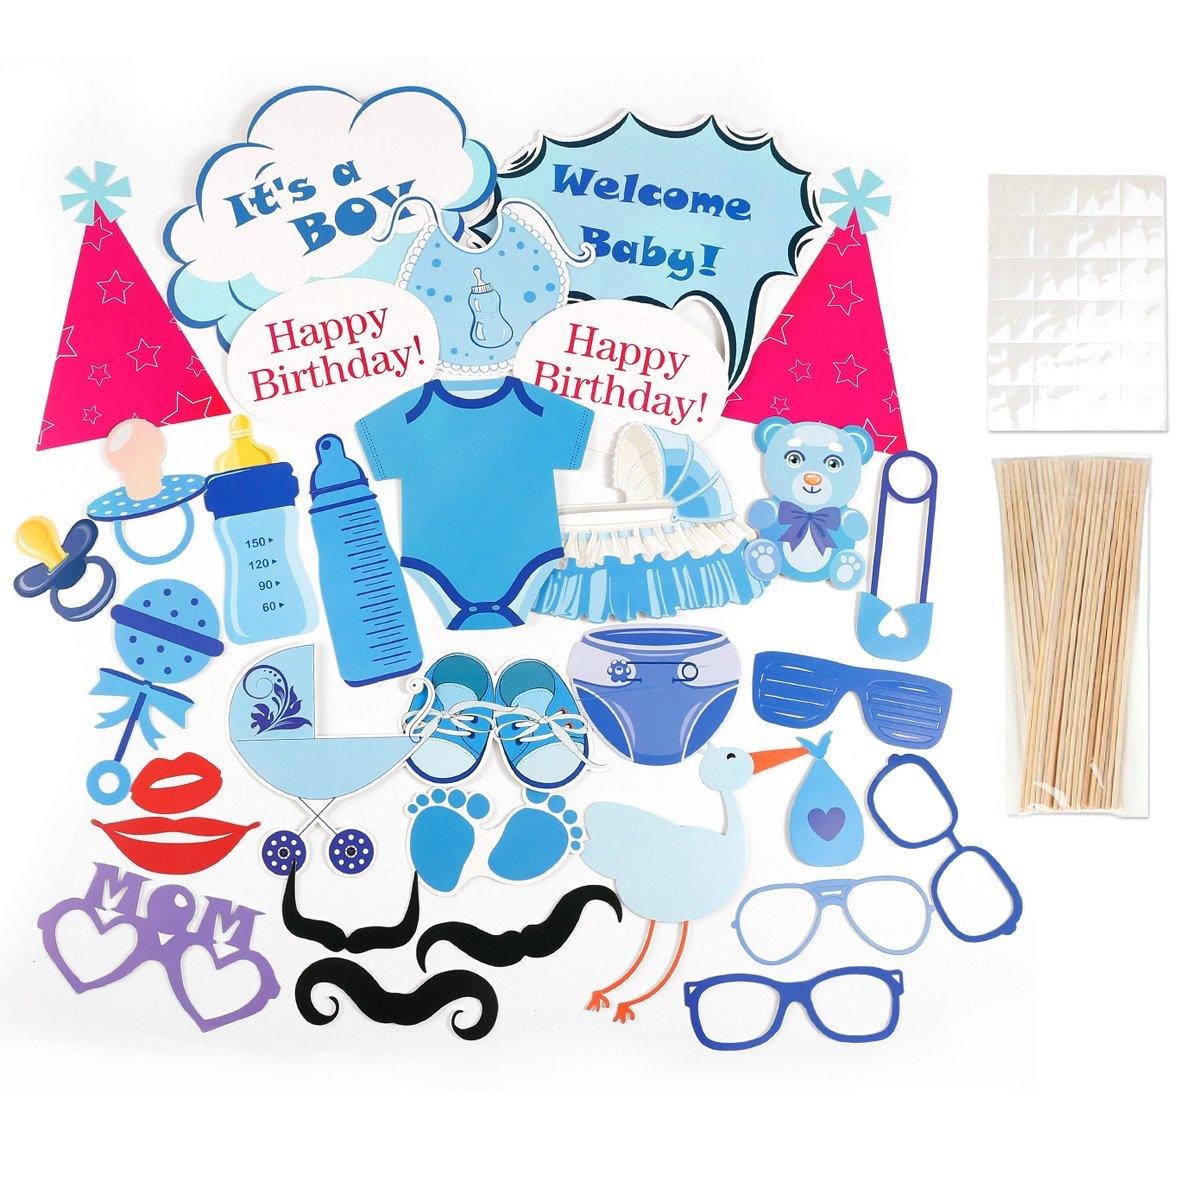 CLE DE TOUS - Pack de 31 piezas Photocall para Bautizo Fiesta Nacimiento Baby Showers Cumpleaño Set Decorativo Cartulinas para fotografías (Azul para ...
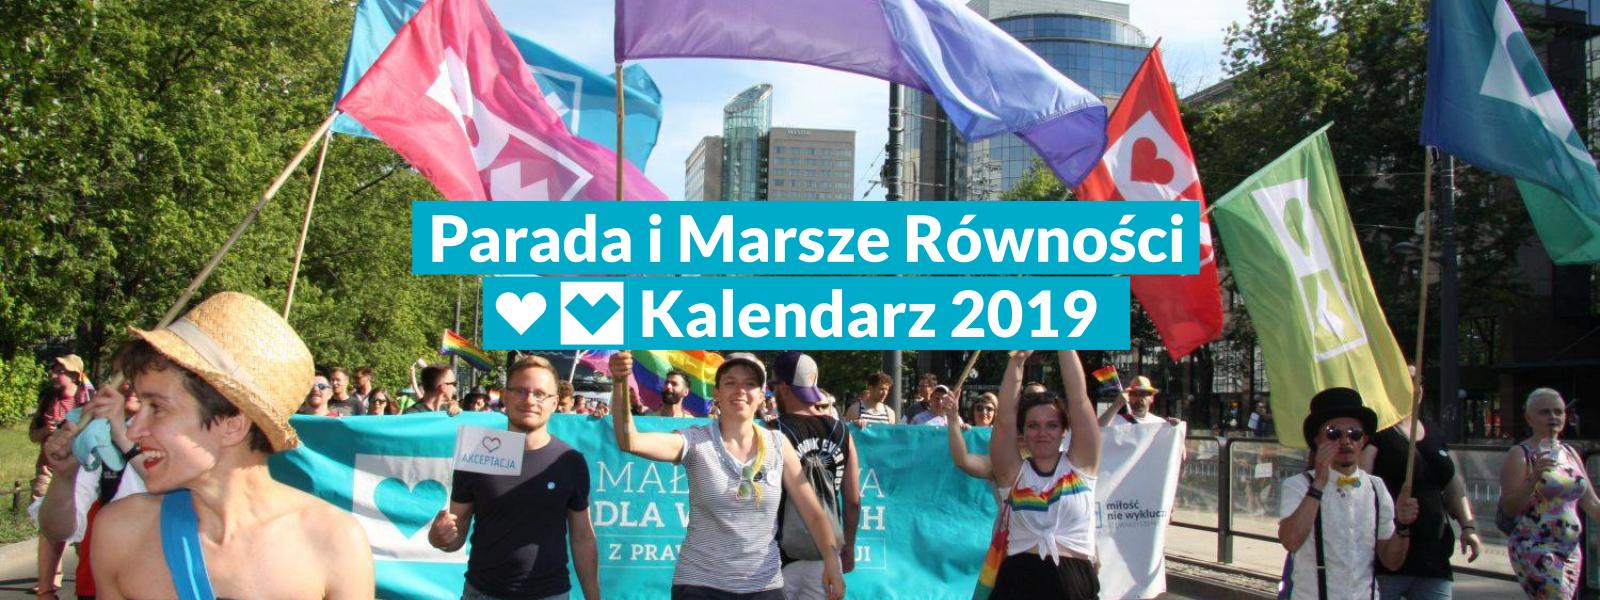 Parada i Marsze Równości 2019
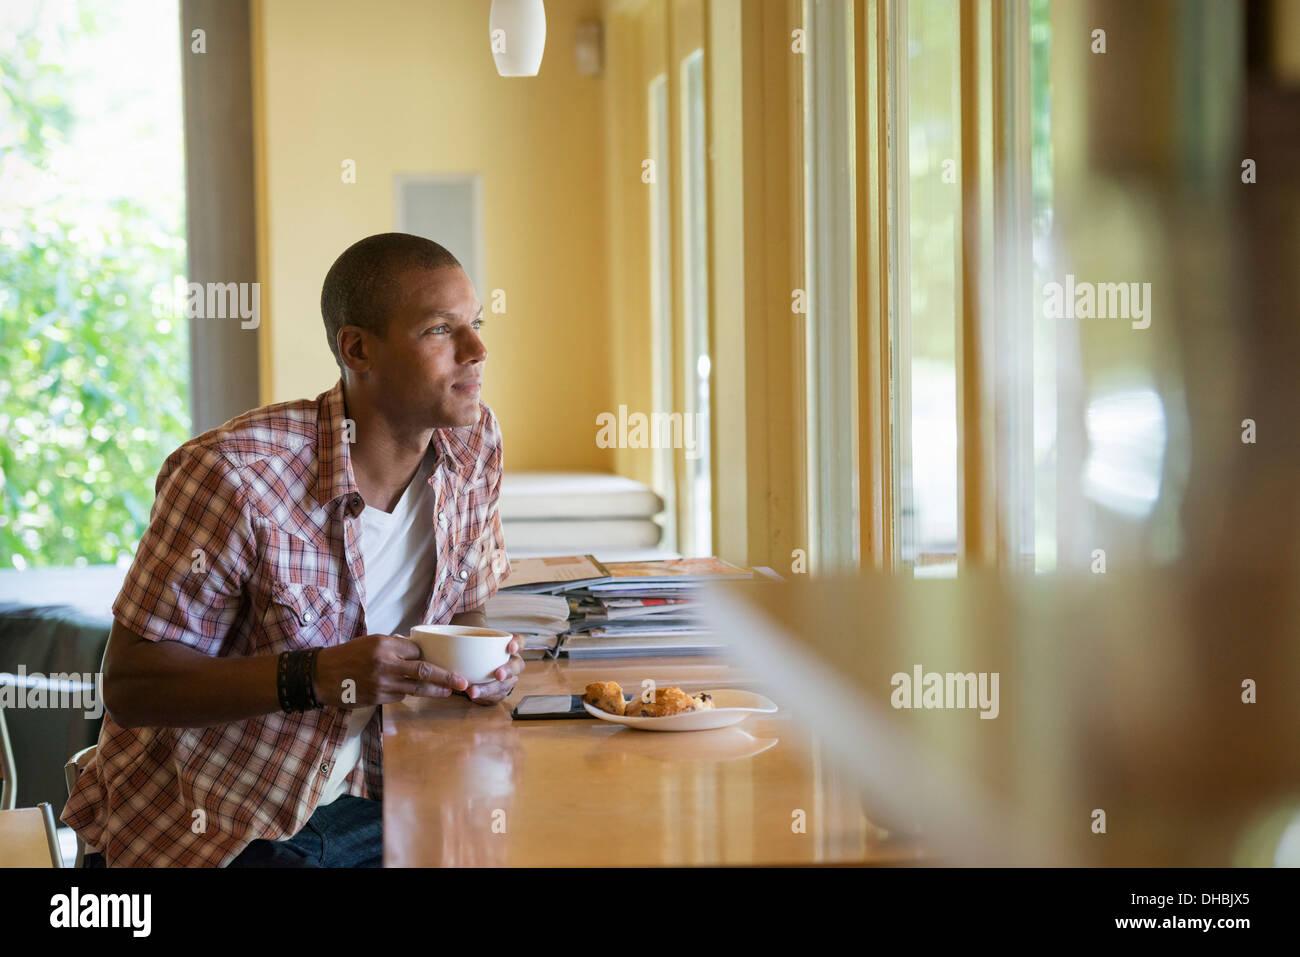 Un homme assis avec une tasse de café, tenant une tablette numérique. Photo Stock

◇ ◇ ◇

### Task details
The listing is to be repeated word for word, with all pictures omitted.

### Result of this exercise
 CLE DE TOUS - Pack de 31 piezas Photocall para Bautizo Fiesta Nacimiento Baby Showers Cumpleaño Set Decorativo Cartulinas para fotografías (Azul para ...
 Parada i Marsze Równości 2019
 Un homme assis avec une tasse de café, tenant une tablette numérique. Photo Stock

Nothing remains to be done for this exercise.